In this section we shall explain several preferred embodiments of this invention. Whenever the compositions, formulations, methods and other aspects of the embodiments are not expressly defined, the scope of the invention is not limited only to the disclosed embodiments, rather may encompass what is well known in the art. Also, while numerous details are set forth, it is understood that some embodiments of the invention may be practiced without these details. In other instances, well-known chemicals, formulations, ingredients and techniques have not been described in detail so as not to obscure the understanding of this description.

In one aspect, the instant invention is directed to a composition and method of using fractionated honey to treat or prevent persons from suffering from a condition such as an infection associated with a biofilm by disrupting the bacterial cell culture and inhibiting the bacterial biofilm. The fractionated honey is considered “fractionated” in that it is formed by taking Manuka honey and removing the DNA marker (pollen) from the honey. Manuka honey typically includes a number of markers that must be present for it to be considered an authentic Manuka honey. Among these markers is the DNA level from Manuka pollen, which is typically less than Cq 36 for Manuka honey. In the proposed fractionated honey, this DNA marker is removed such that the DNA level from Manuka pollen is essentially zero. The resulting fractionated honey maintains all the health benefits of Manuka honey without some of the side effects that may be associated with pollen, for example, allergic reactions. In addition, in some instances where the honey may be irradiated to achieve sterility, the removal of the pollen may have other benefits. For example, when honey is irradiated the pollen or contaminate may explode and become particulate matter in the honey, or a contaminate with potential to cause inflammation. Thus, the removal of pollen reduces the potential for the pollen to cause potential contaminates that may lead to undesirable inflammation in instances where the honey is irradiated, and in turn reduce the overall effectiveness of the honey.

While all honey is believed to have health benefits, Manuka honey includes unique antibacterial ingredients not found in other honeys believed to make it have superior anti-bacterial, anti-inflammatory and/or anti-viral properties to other types of honey. In particular, Manuka honey is a plant specific honey made by bees who collect nectar from New Zealand's nativeplant. As a result, Manuka honey contains a unique anti-bacterial ingredient not found in other honeys that is believed to make it an effective antibiotic and wound healer. In particular, Manuka honey naturally contains methylglyoxal (MGO), which is a chemical known to have antibacterial properties. In particular, MGO is a highly reactive compound which can readily react with cellular molecules. The chemical reactions between MGO and cellular molecules in the bacteria, damages molecules needed for bacterial viability. MGO is also an indicator of other active antibacterial or antiviral fractions within the fractionated honey and the precise mode of action of certain active fractions remains unknown, we see only the result of those active fractions. The higher the MGO content, the higher the grade of the Manuka honey. The fractionated honey disclosed herein maintains the MGO content without any allergy inducing pollen, thus resulting in an effective antibacterial and anti-inflammatory without any of the undesirable side effects sometimes associated with honey.

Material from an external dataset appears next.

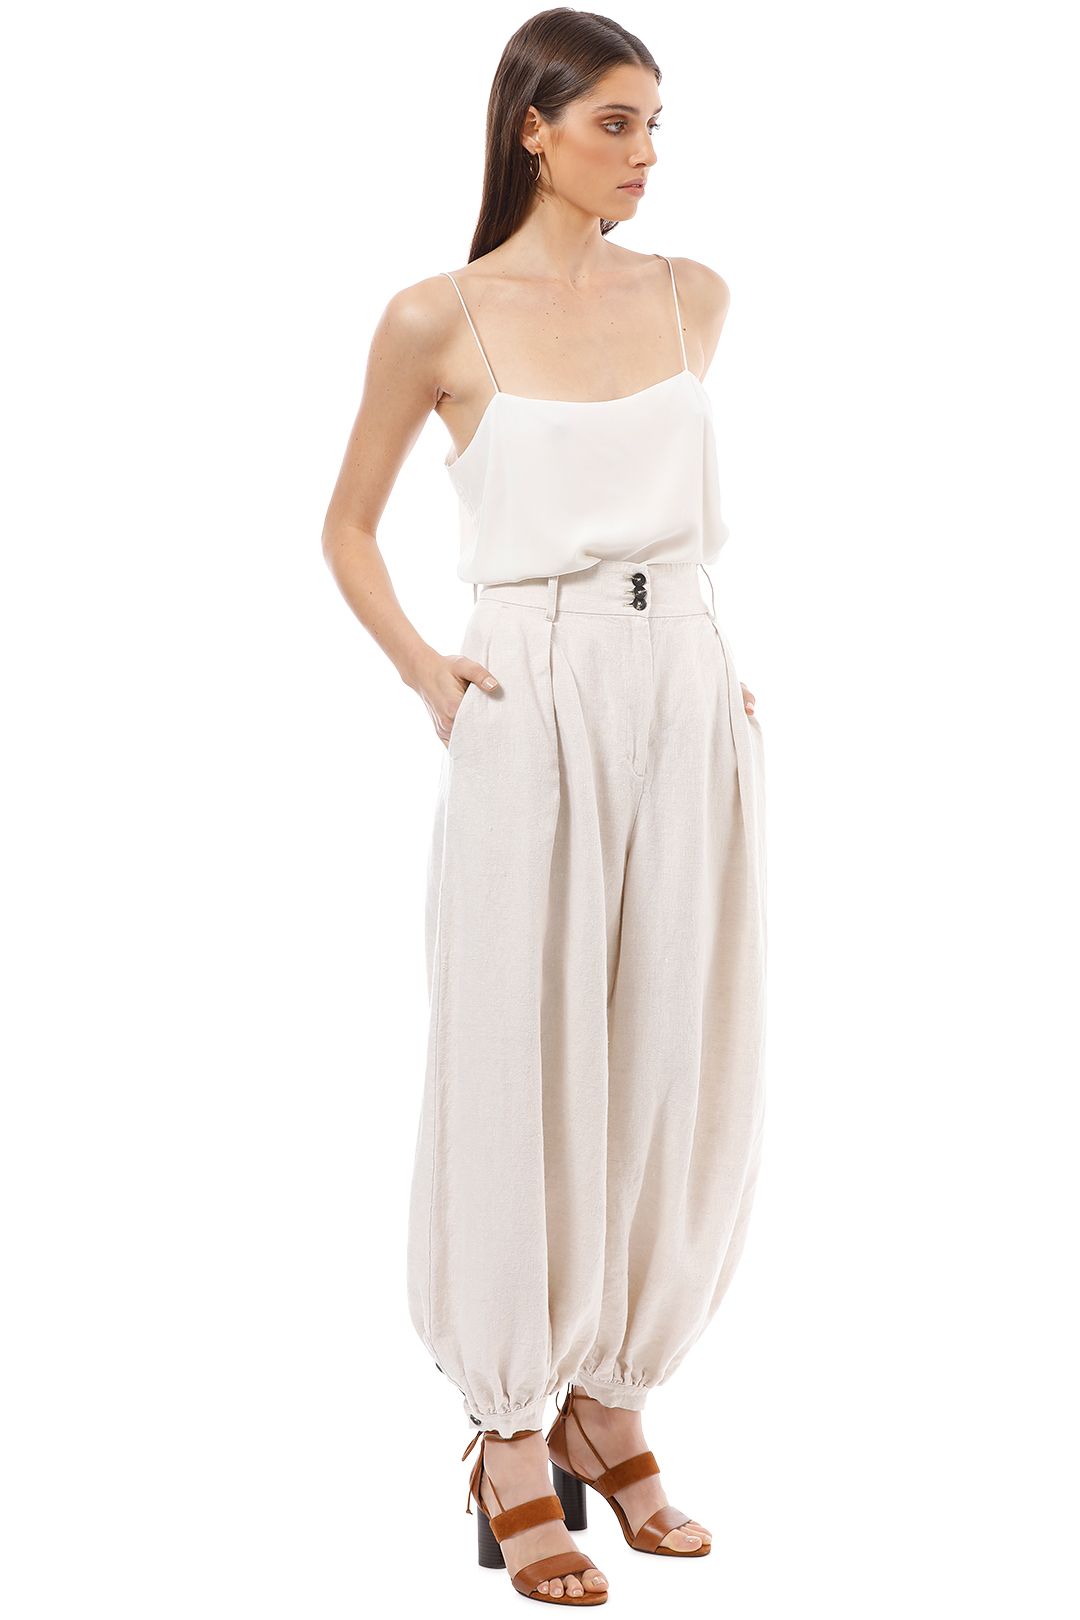 Shona Joy - Linen Tailored Harem Pants with Belt - Natural - Side

It is proposed herein that the MGO present in the proposed fractionated honey helps to treat and/or prevent diseases and/or infections by disrupting the bacterial cell structure and/or attachment of biofilm and/or cellular death. The disease and/or infections that may cause a biofilm and are suitable for treatment using the fractionated honey may be caused by one or more of a bacteria (e.g., gram-positive or gram-negative) or a virus.

In still further aspects, the proposed fractionated honey composition may be used as a prophylactic or preventative measure to prevent the user from developing or contracting any of the conditions disclosed herein. For example, the fractionated honey composition may provide immune support when administered prior to an infection or condition by improving sinus health and protecting the sinuses against particulate matter, bacteria, viruses, bed mites, pet dander, dust, pollen and/or other allergens. Representatively, honey, and particularly Manuka honey, has been found to efficiently inhibitvirus replication, which is related to its virucidal effects. Watanabe K, et al., Anti-Viral Effects of Honey In Vitro: Potent High Activity of Manuka Honey,2014 July; 45(5):359-365.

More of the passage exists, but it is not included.